AKR1B10 drives hepatic steatosis and inflammation in metabolic dysfunction-associated steatotic liver disease via PI3K/AKT-mediated autophagy suppression.

Abstract

Metabolic dysfunction-associated steatotic liver disease (MASLD) is a prevalent metabolic disorder marked by excessive hepatic lipid accumulation, in which impaired autophagy plays a critical role. Aldo-keto reductase family 1 member B10 (AKR1B10) has been implicated in lipid metabolism; however, its regulatory function in MASLD pathogenesis remains poorly understood. This study aimed to elucidate the role of AKR1B10 in MASLD progression and the underlying molecular mechanisms. Differentially expressed genes were identified using the GSE135251 dataset. Serum and liver tissue samples were obtained from 28 patients with MASLD and 28 healthy controls. In vivo, a MASLD mouse model was established by feeding a high-fat diet (HFD), while in vitro, lipid accumulation was induced in AML-12 hepatocytes by treatment with free fatty acids (FFA).

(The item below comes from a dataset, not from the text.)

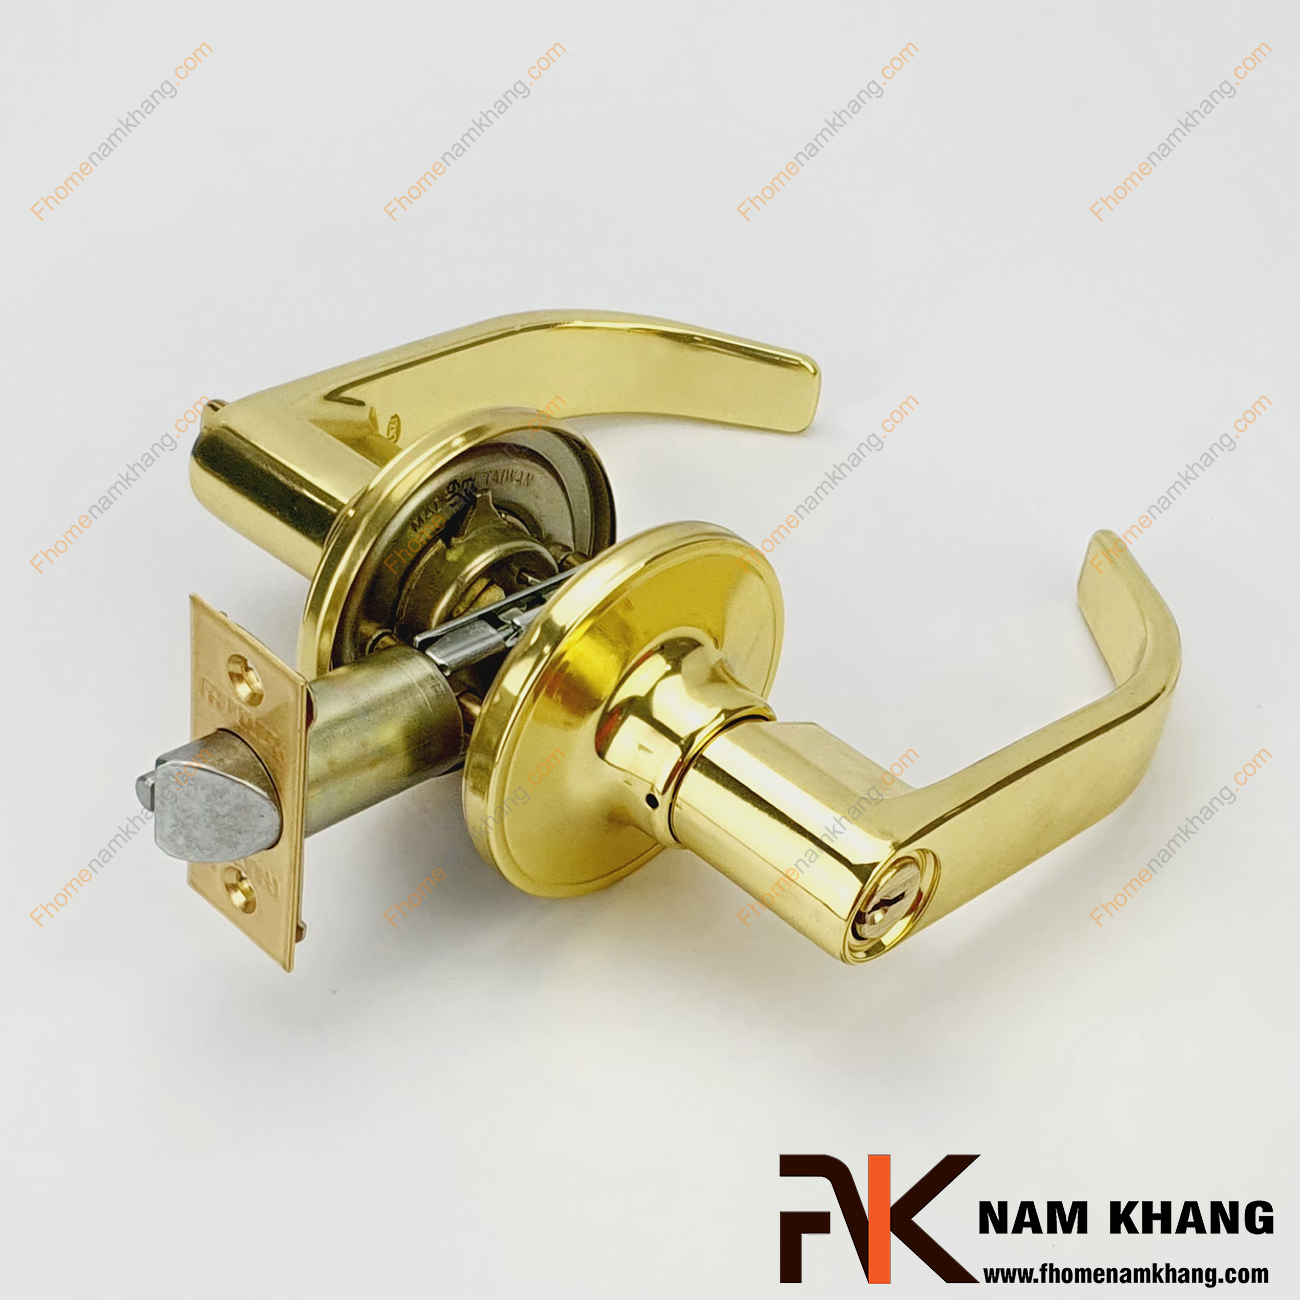 Khóa cửa tay gạt cao cấp màu vàng bóng NK501-VC bao gồm 2 đầu, 1 đầu vặn chốt và 1 đầu dùng chìa, dùng cho cửa phòng, cửa nhà vệ sinh,...

This study found that AKR1B10 expression was significantly upregulated in MASLD patients, HFD-fed mice, and FFA-treated AML-12 cells. Silencing AKR1B10 alleviated lipid accumulation, inflammation, and autophagic impairment in vitro, and attenuated hepatic steatosis and metabolic dysfunction in vivo. Mechanistically, AKR1B10 knockdown suppressed PI3K/AKT pathway activation, thereby ameliorating lipid deposition, inflammation, and autophagic dysfunction. Conversely, treatment with 740Y-P, a PI3K agonist, reversed these protective effects and exacerbated MASLD progression. Our findings demonstrates that AKR1B10 promotes MASLD progression through activation of the PI3K/AKT signaling pathway, contributing to dysregulated lipid metabolism, inflammation, and autophagy inhibition. These findings suggest that targeting AKR1B10 may represent a novel therapeutic strategy for MASLD.